News trickled out last week that Ching Cheong, the Hong Kong-based chief China correspondent for Singapore's Straits Times, had been detained in late April on suspicion of espionage. Three days later, word spread that Lu Jianhua, a sociologist at the government-run Chinese Academy of Social Sciences (CASS) in Beijing, and another CASS administrator, Chen Hui, had been rounded up around the same time for allegedly leaking state secrets—a charge that, like espionage, can carry the death penalty. But in an open letter to Hong Kong newspapers last Friday, Ching's wife, Mary Lau, claimed that her husband was not working for "a foreign intelligence agency," as Beijing alleges. In fact, Lau stated, Ching regularly helped to research reports for the Chinese government on Hong Kong and Taiwan affairs. His government contact? None other than sociologist Lu, whom she claims occasionally gave Ching internal information on communications between China's senior leaders.

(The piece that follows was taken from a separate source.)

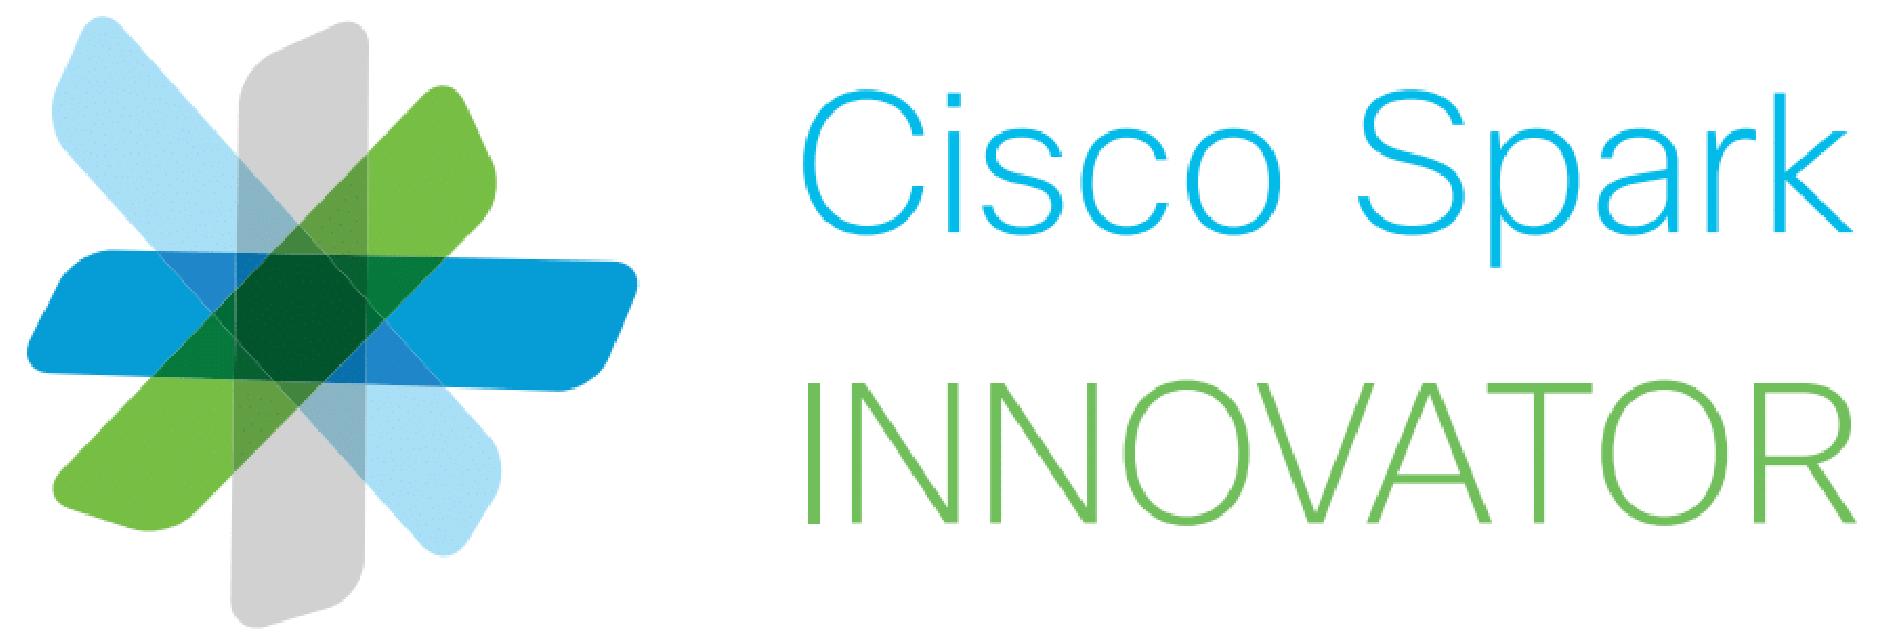 Cisco Spark Innovator

So how is it that a self-described "nationalist" reporter who once worked for Hong Kong's pro-Beijing daily Wen Wei Po and a sociologist who often appeared on Chinese television to promote government policy are being detained for anti-Chinese activities? According to Lau, the 55-year-old reporter was picked up by Chinese security personnel on April 22 while in Guangzhou to collect a top-secret manuscript by a friend of Zhao Ziyang, the popular ex-Premier purged for opposing the Tiananmen crackdown, who died under house arrest in January. Although the manuscript's exact contents are not clear, a previous memoir by the friend, Zong Fengming, who was able to visit Zhao under house arrest, quoted the former leader as saying that calls for democracy in 1989 came not just from students but from many mid-level Party bureaucrats as well. That claim is incendiary, for the Communist Party has always dismissed the pro-democracy movement as the work of a small number of "black hands" who manipulated the students. After Ching was detained, Lau said, security personnel searched his computer and discovered notes on the leadership discussions that Lu presumably had passed to him. Those internal communications could constitute the state secrets at issue. Lau, who last spoke to Ching on May 29, is not hopeful she will see her husband of 22 years anytime soon: "He said it will take a long time for him to come back."
Ching and the CASS academics were not the only detainees to make headlines. Police passed to the prosecutor's office last week the investigation into Zhao Yan, a Beijing researcher for the New York Times who has been held incommunicado since September. Zhao is under investigation for both fraud and leaking state secrets, but his lawyer has not yet seen details of the police reports. In April, Shi Tao, a Chinese journalist, was sentenced to 10 years in prison for leaking state secrets to foreign media. (What was leaked and to whom has not been made public—those details are, by definition, state secrets themselves.) And last week, a newspaper run by the China Youth Daily called Bingdian Weekly was quietly shut down after publishing an article about democracy in Taiwan.
All in all, media-rights group Reporters Without Borders says 32 journalists are currently imprisoned in China for their reporting. Says Nicholas Becquelin, Hong Kong-based research director for Human Rights in China: "Over the past six months, there has been a definite tightening of freedoms for the media, academics and publishing houses. I think [the recent detentions] are a sign that the leadership is striking hard to make an example of these people so that fear is instilled in these sensitive professions." In the past, detained dissidents were usually released soon after June 4. Will that happen this year?